WHAT TO DO: Transcribe the listing that follows in full, exactly, and drop its images.

[THE DATA]

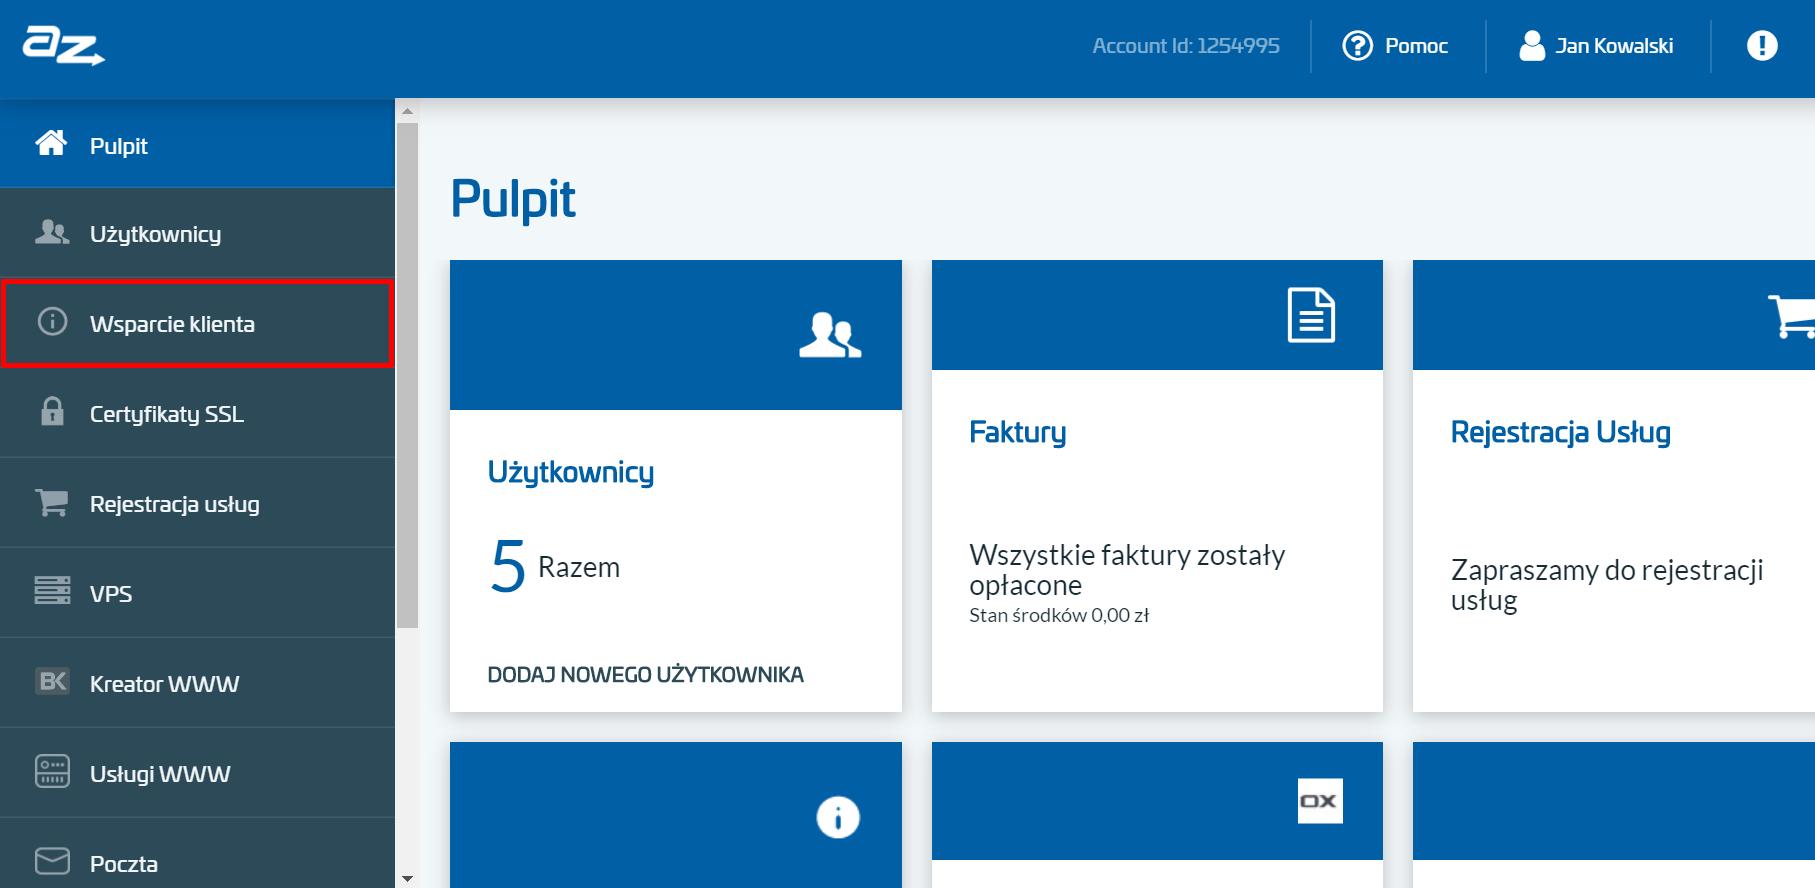 Po zalogowaniu do Panelu klienta AZ.pl, wybierz sekcję: Wsparcie klienta.
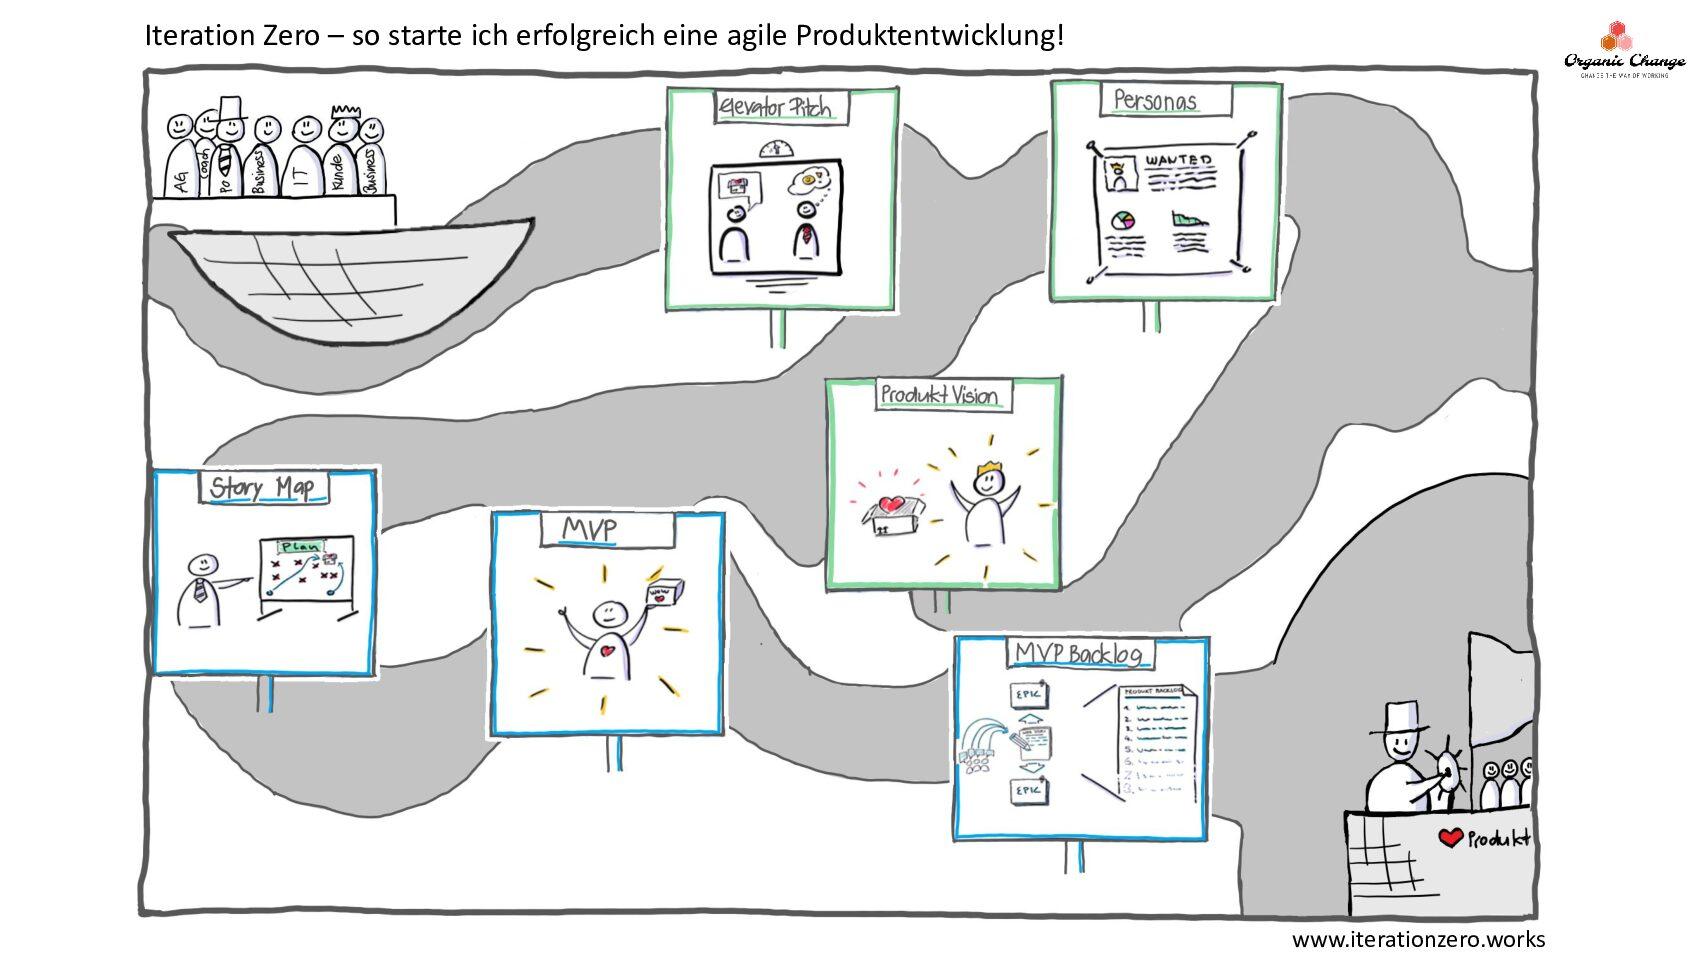 Produkt Visionen in Verwaltungen reifen lassen
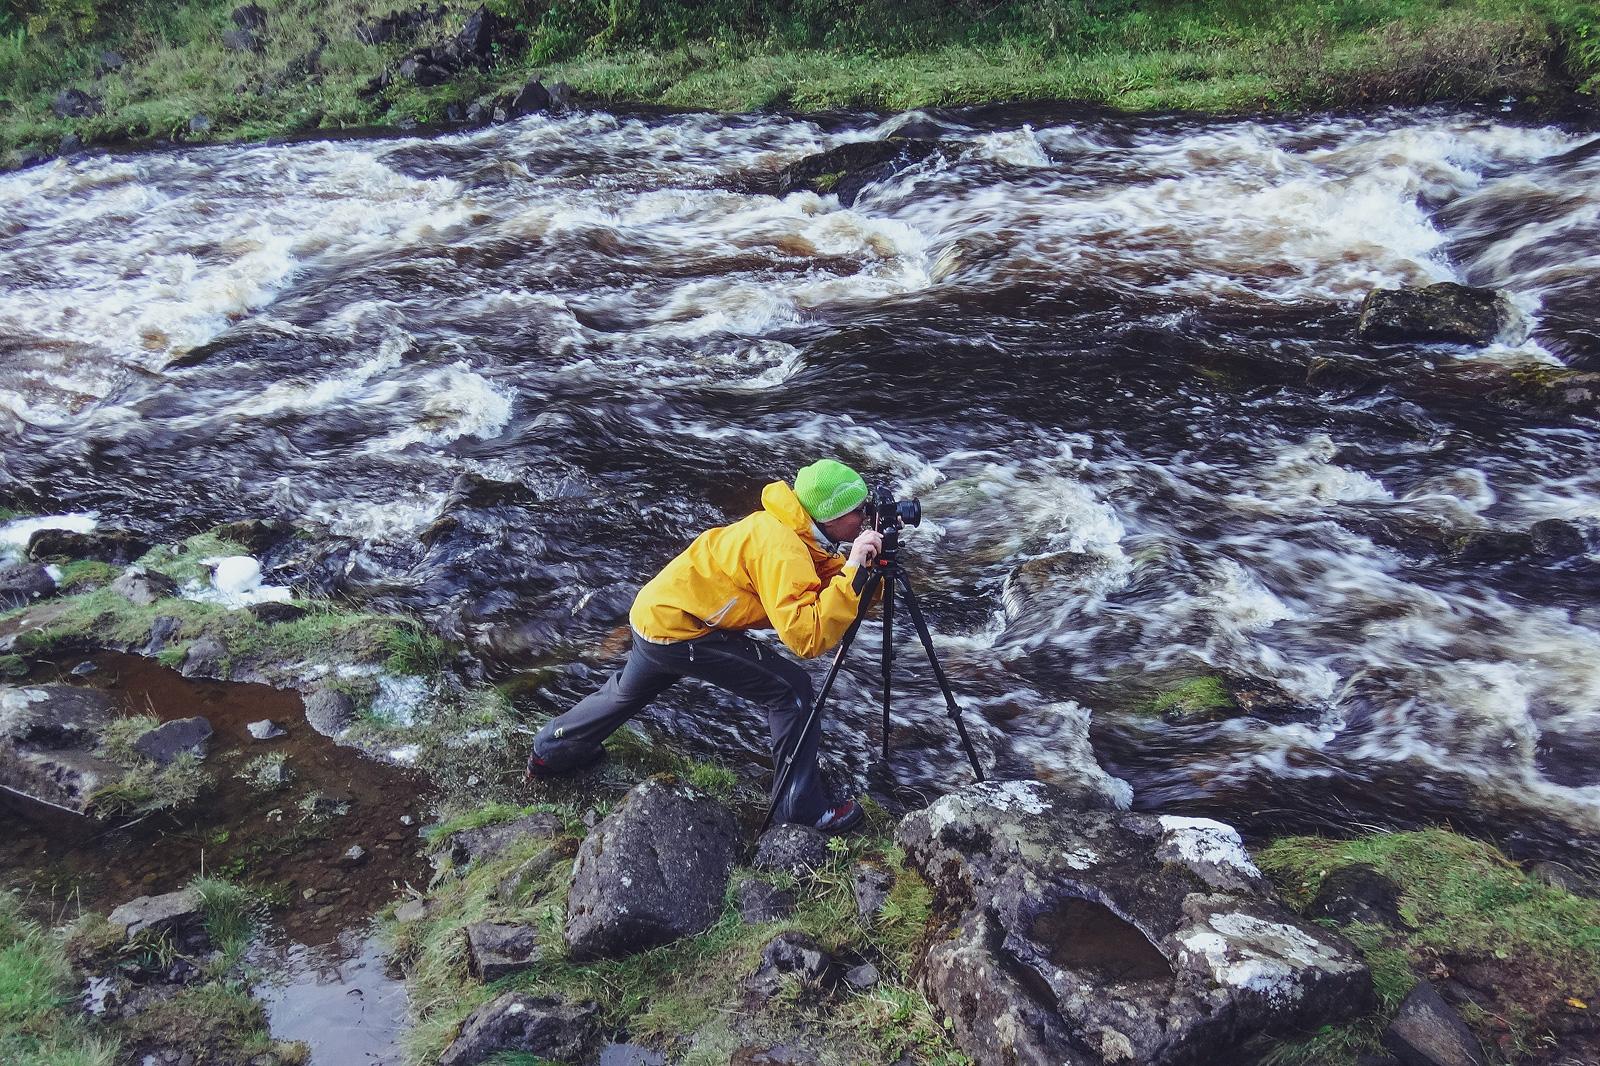 Fotoreise mit Lukas Voegelin auf die Isle of Skye, Schottland

[/THE DATA]

RESPONSE:
 Po zalogowaniu do Panelu klienta AZ.pl, wybierz sekcję: Wsparcie klienta.
 Produkt Visionen in Verwaltungen reifen lassen
 Fotoreise mit Lukas Voegelin auf die Isle of Skye, Schottland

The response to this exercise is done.